Source: The Boston Cooking-School Cook Book (1896)
This is a steaming pudding, which means the batter must be light enough to hold air pockets through gentle, moist heat — unlike baked puddings, where the dry oven sets the crumb. The control here is the batter's hydration and aeration before the apples go in.
Sift the flour, baking-powder, and salt together twice. The double sift is non-negotiable: it aerates the flour and distributes the leavening evenly so you won't get dense pockets. Rub the butter into the flour with cold fingertips until the mixture looks like fine breadcrumbs — irregular crumbs trap air, which the steam will expand later. Add the milk in two additions, stirring with a knife until just combined. The batter should be thick and shaggy, not smooth. Overmixing develops gluten, which tightens the crumb and fights the rise you need.

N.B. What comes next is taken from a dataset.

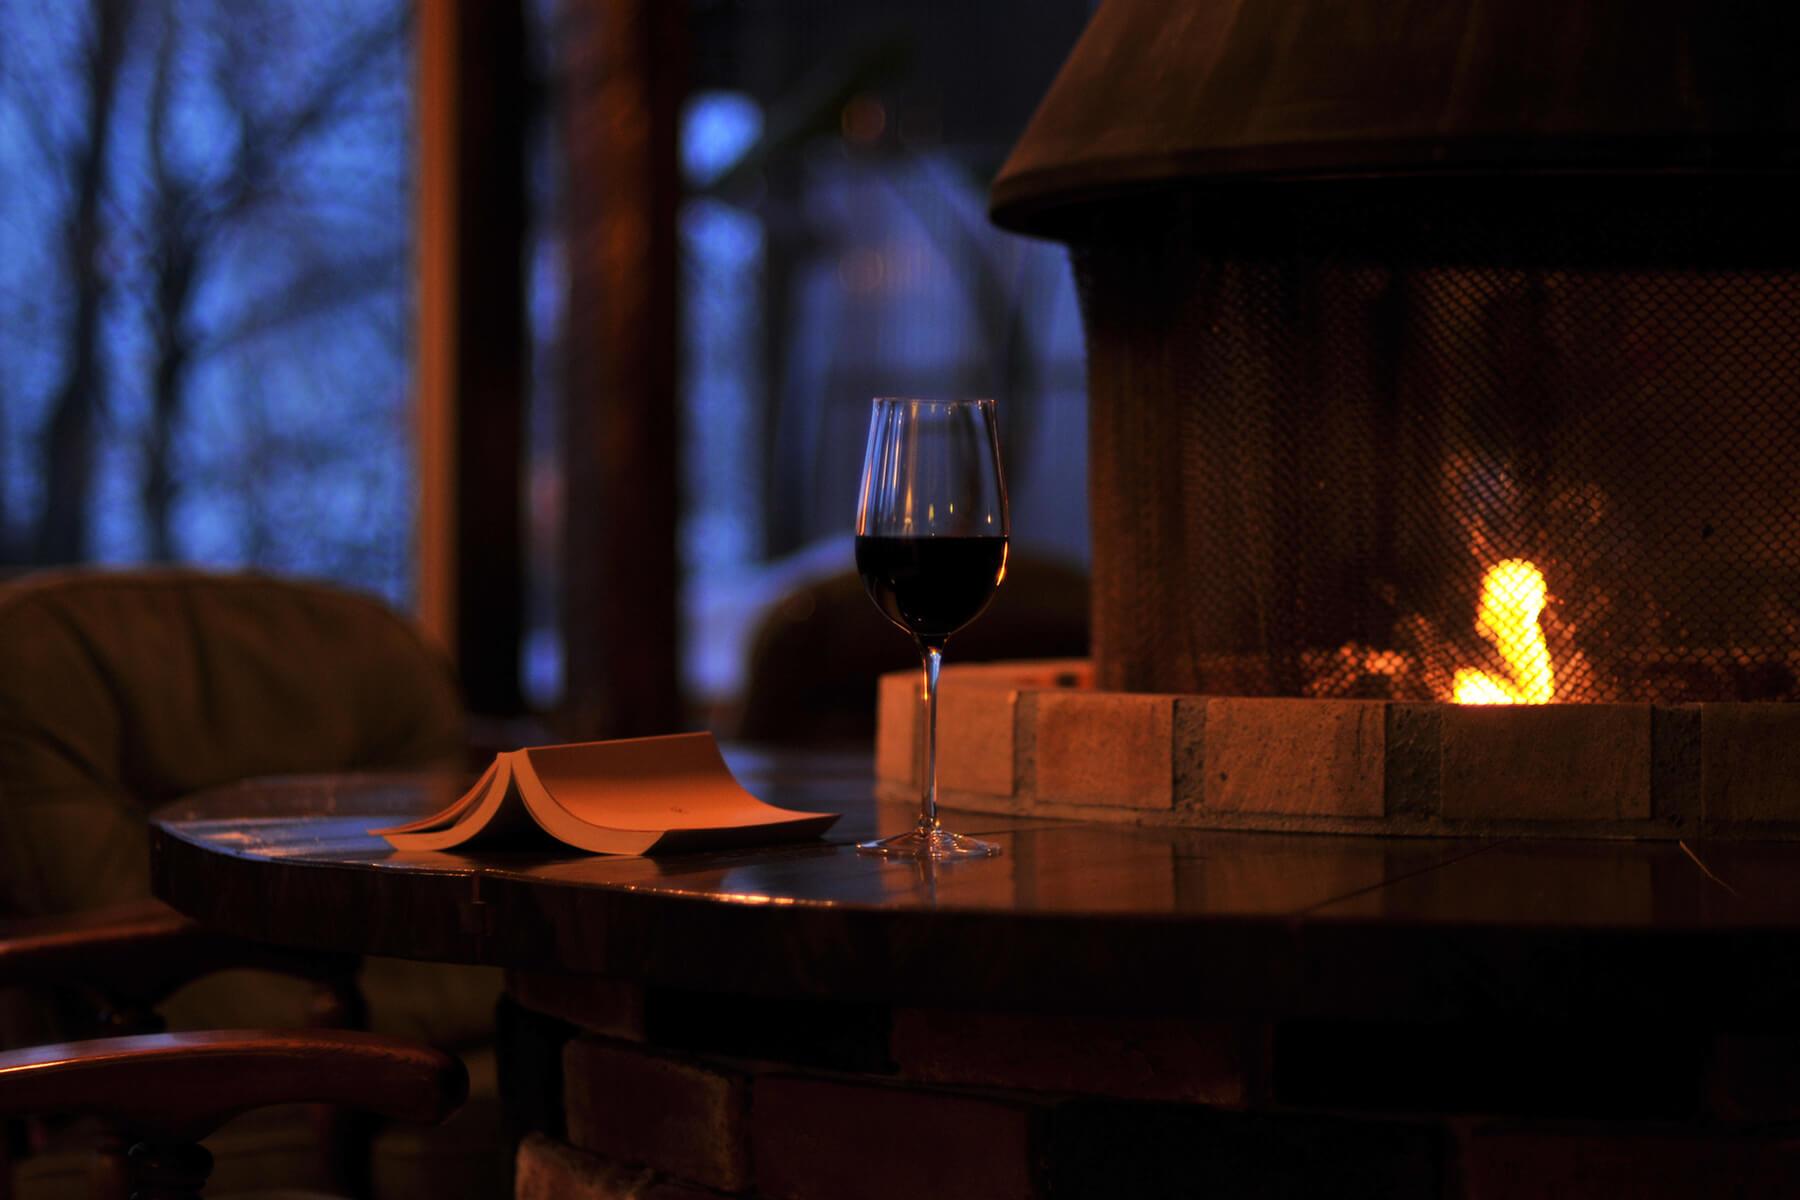 暖炉と本 夜

Peel and core the apples, then cut them into eighths. Mix the sugar, nutmeg, and a pinch of salt in a small bowl — the spice needs distributing evenly through the fruit so you're not biting down on raw nutmeg. Generously butter a 1-litre pudding basin or metal mould. Spread half the batter across the base, arrange the apple pieces on top, scatter the sugar-spice mixture, then cover with the remaining batter. The apples should sit in the middle; they'll sink slightly into the lower batter during steaming and won't sink through to the bottom. Cover the mould tightly with buttered parchment and foil tied underneath — steam must not penetrate. Set it on a trivet in a pot with enough simmering water to reach halfway up the sides. The steam jacket will take about eighty minutes; the top should feel set and spring back when you press it lightly, but not firm. The apples below will have released their juice and softened into the batter, creating a jammy layer.
Turn the pudding out onto a warmed plate — the apples should have sunk slightly, creating a sunken crown where the steam released last. Serve warm with cold custard or a thin vanilla sauce so the temperature contrast sharpens the spice and fruit.